Der Barmann begrüßt mich mit einem unfreundlichen „alle Tische sind belegt!“ Ich frage, ob ich an der Bar warten kann, was bejaht wird. Ich nehme auf einem Barhocker Platz und warte darauf, dass mich der Barmensch anschaut, um ein Getränk zu bestellen, aber das passiert nicht. Ich werde -tatsächlich – ignoriert. Ich versuche daraufhin Blickkontakt herzustellen. Als es mir irgendwann gelingt, steht er gerade frontal vor mir. Zwischen uns eine silberne iberital. Er bedient gerade deren Milchschäumer und dieser ist ziemlich laut. Was nun passiert ist eine Art Minenspiel, er teilt mir mit seinem Gesicht mit: geht gerade nicht, kann nix hören! Als das aufschäum-Geräusch irgendwann endet, sagt er, so, konnte dich nicht hören, aber jetzt. Ich sage ich hab noch gar nix gesagt, da geht er erstmal woanders hin. Hui, das kann heiter werden, denke ich, und bleibe freundlich. Bei der nächsten Gelegenheit frage ich ihn, ob ich ein Getränk bestellen kann. Das klappt und ich bestelle einen Ingwer Tee mit Schuss, weil da vorn frischer Ingwer aufm Hackbrett liegt. Mit was? fragt er. Mit nem Schuss Rum? sage ich freundlich und leicht fragend. Das gefällt ihm offenbar. Wenn Du in Deutschland Alkohol bestellst, gehörst Du dazu, so ist das nunmal.
Irgendwie geht mir ein bisschen ein Licht auf an diesem Abend. Diese beschissene Ängstlichkeit der Deutschen kann man fast lieb haben, wenn man weiß, wie man mit ihr umzugehen hat. Vielleicht habe ich zum ersten mal verstanden, was man mit „german Angst“ meint?

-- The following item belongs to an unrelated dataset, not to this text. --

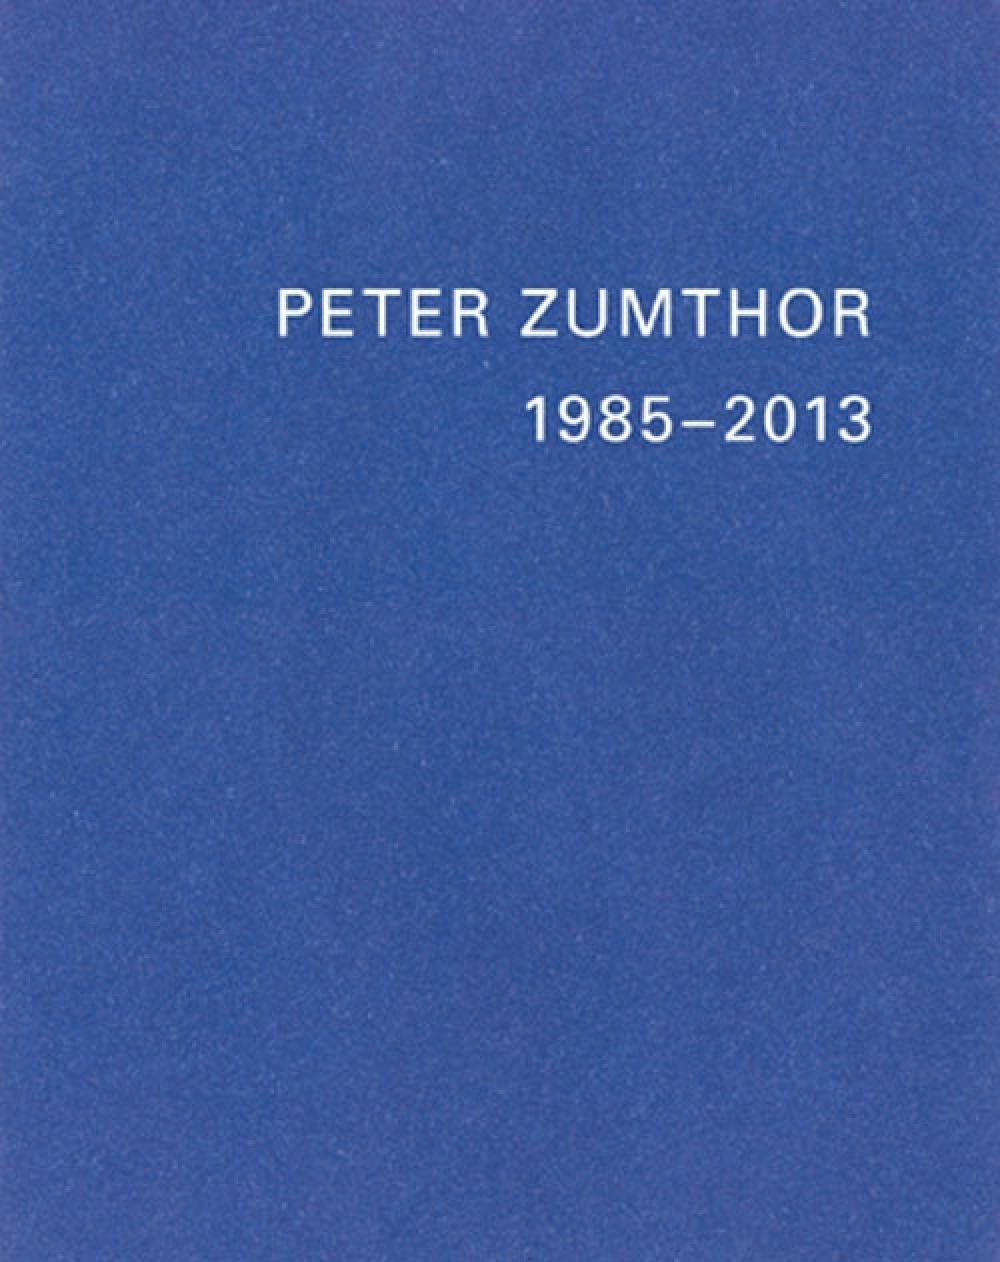 Peter Zumthor - Réalisations et projets 1985-2013 (coffret 5 volumes)

Dieser Mensch da ist in seiner Art etwas hilflos. Er kann nicht souveräner sein in seiner Position als Barkeeper. Er ist sich aber selber treu, denn seine Art ist ehrlich, er verstellt sich nicht. Er ist lieber unfreundlich oder unaufmerksam, als so zu tun, als sei er es nicht. Zudem muss er jeden Abend mit unzähligen anstrengenden, teils unsagbar-viel-scheisse-labernden Leuten copen, seine etwas unfeine Art dürfte also auch eine Art Schutzmechanismus darstellen, einen Weg, die Dinge nicht zu nah an sich heran zu lassen, einen Abstand behaupten zu können.

Irgendwie mag ich ihn plötzlich sogar, mit seiner Glatze und seinem Bart sind wir doch Brüder im Geiste, haha. Ich finde die Rinderroulade so unfassbar lecker, dass ich ein wenig schlinge. Gerade als ich mir eine besonders fette Portion in den Schlund gönne, höre ich ein- Alles gut bei Dir? Wow, ich muss erstmal kurz kauen und runterschlucken. Mmh, runter-Schluck, hervorragend! sage ich und fühle mich durch diese, seine Aufmerksamkeit durchaus zum Ritter geschlagen, denn das gibt er nicht jeden Gast, soviel ist mal sicher. Ich habe einen sehr versöhnlichen Moment mit mir in diesem D-Land. Natürlich ist hier nicht alles schlecht. Und natürlich ist hier tatsächlich einiges im Argen. Aber heute ist mir etwas besonderes gelungen. Ich habe meine Reise ausgedehnt nach hier. Ich reise gewissermaßen immer noch weiter. Und das Motorrad fahren hilft mir auf magische Weise dabei. Ich bin wach und lebendig und, ja, tatsächlich: ich bin gerade sehr glücklich. Denn später fragt mich dieser doch gar nicht so unaufmerksame Mensch, ob ich mir noch etwas wüsche. Nein, sage ich, ich bin zufrieden. und gehe wohl gewärmt und genährt hinaus in die Leipziger Nacht.